START Data

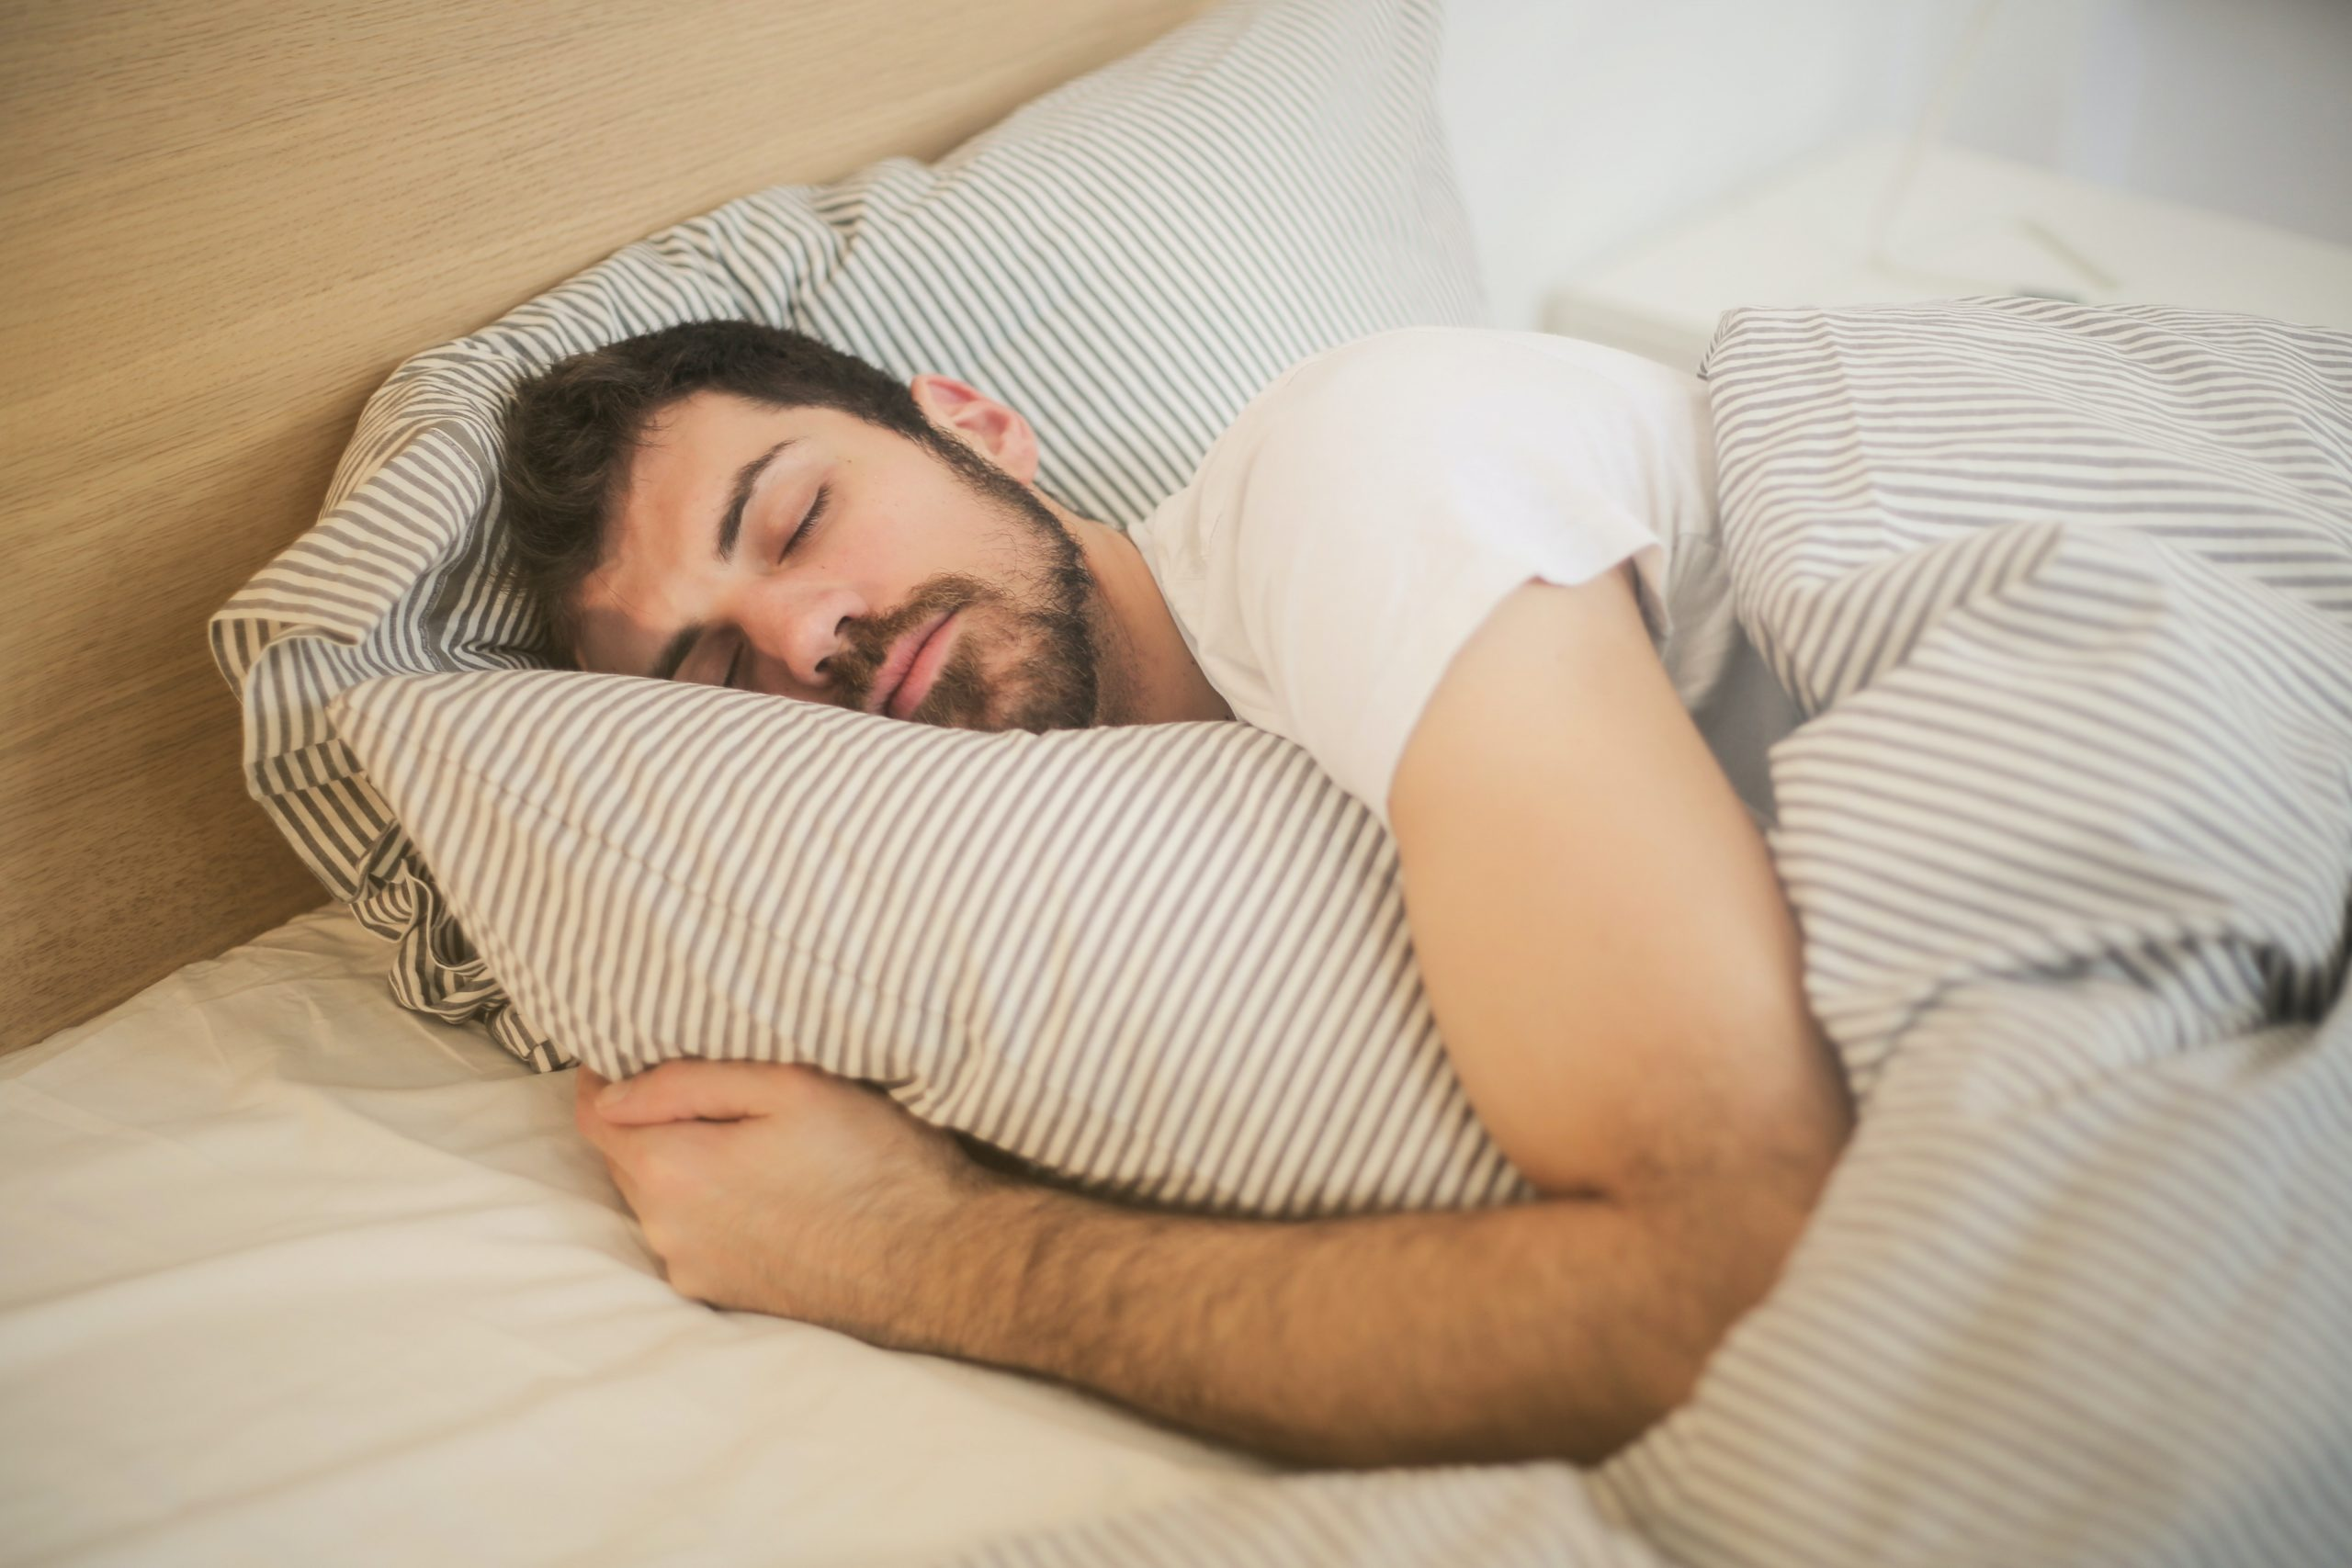 Kako dobro spati v obdobju epidemije koronavirusa (COVID-19)?
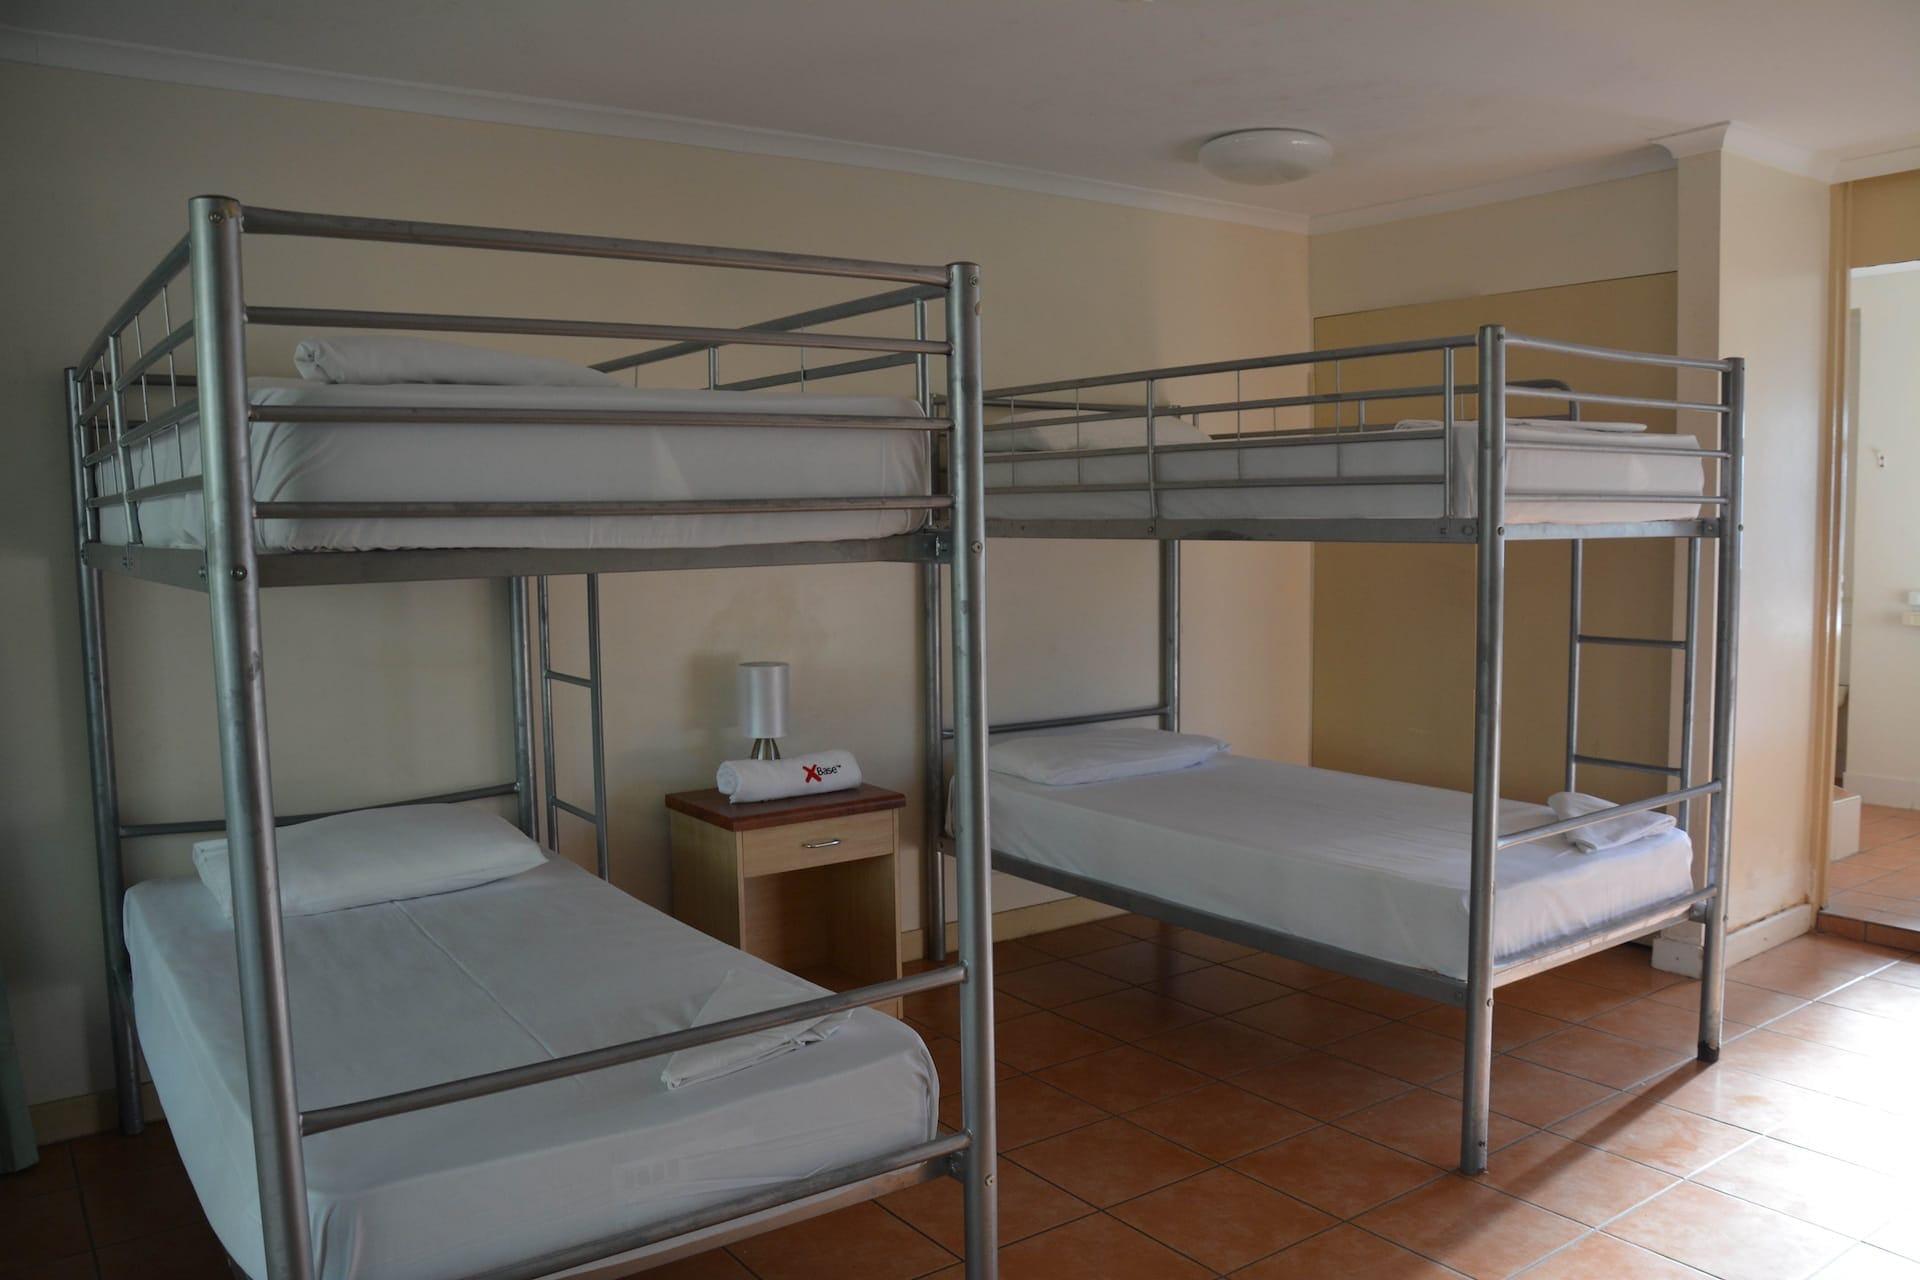 Base艾尔利滩背包客旅馆的女生4床套房
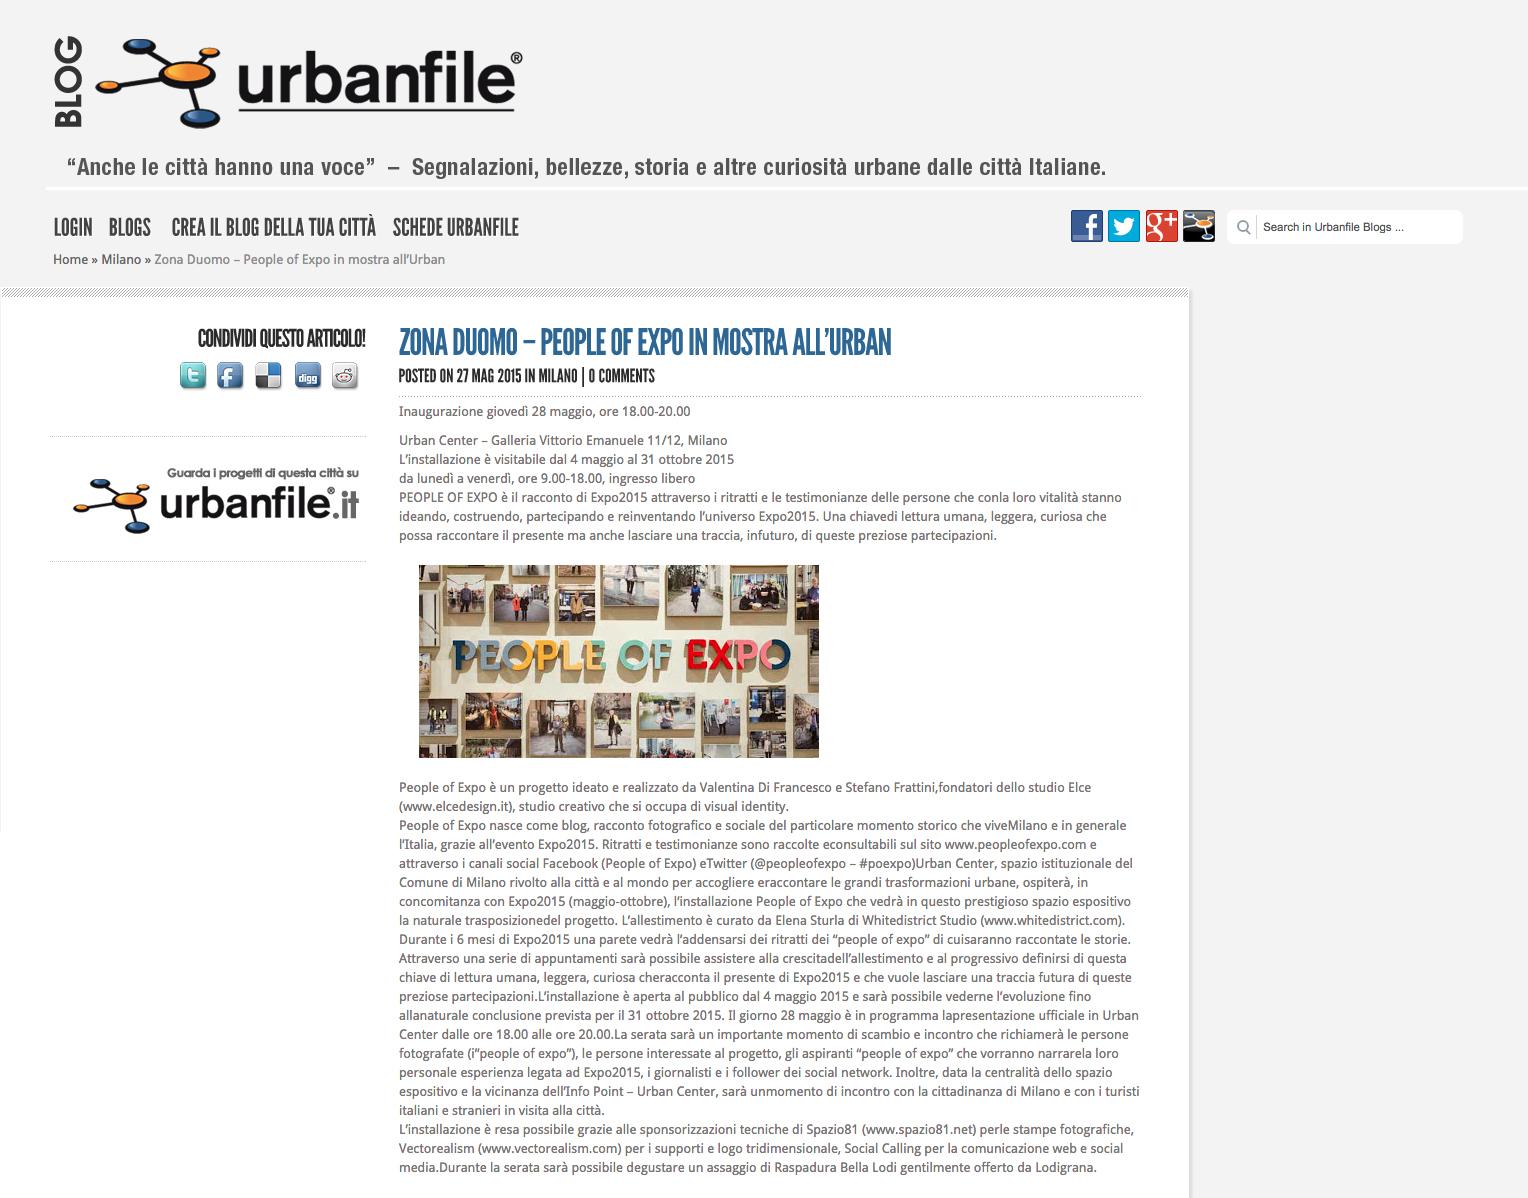 urbanfile

END Data

(What you should do)
Repeat the data exactly. No pictures should appear.

(Written reply)
 Kako dobro spati v obdobju epidemije koronavirusa (COVID-19)?
 Base艾尔利滩背包客旅馆的女生4床套房
 urbanfile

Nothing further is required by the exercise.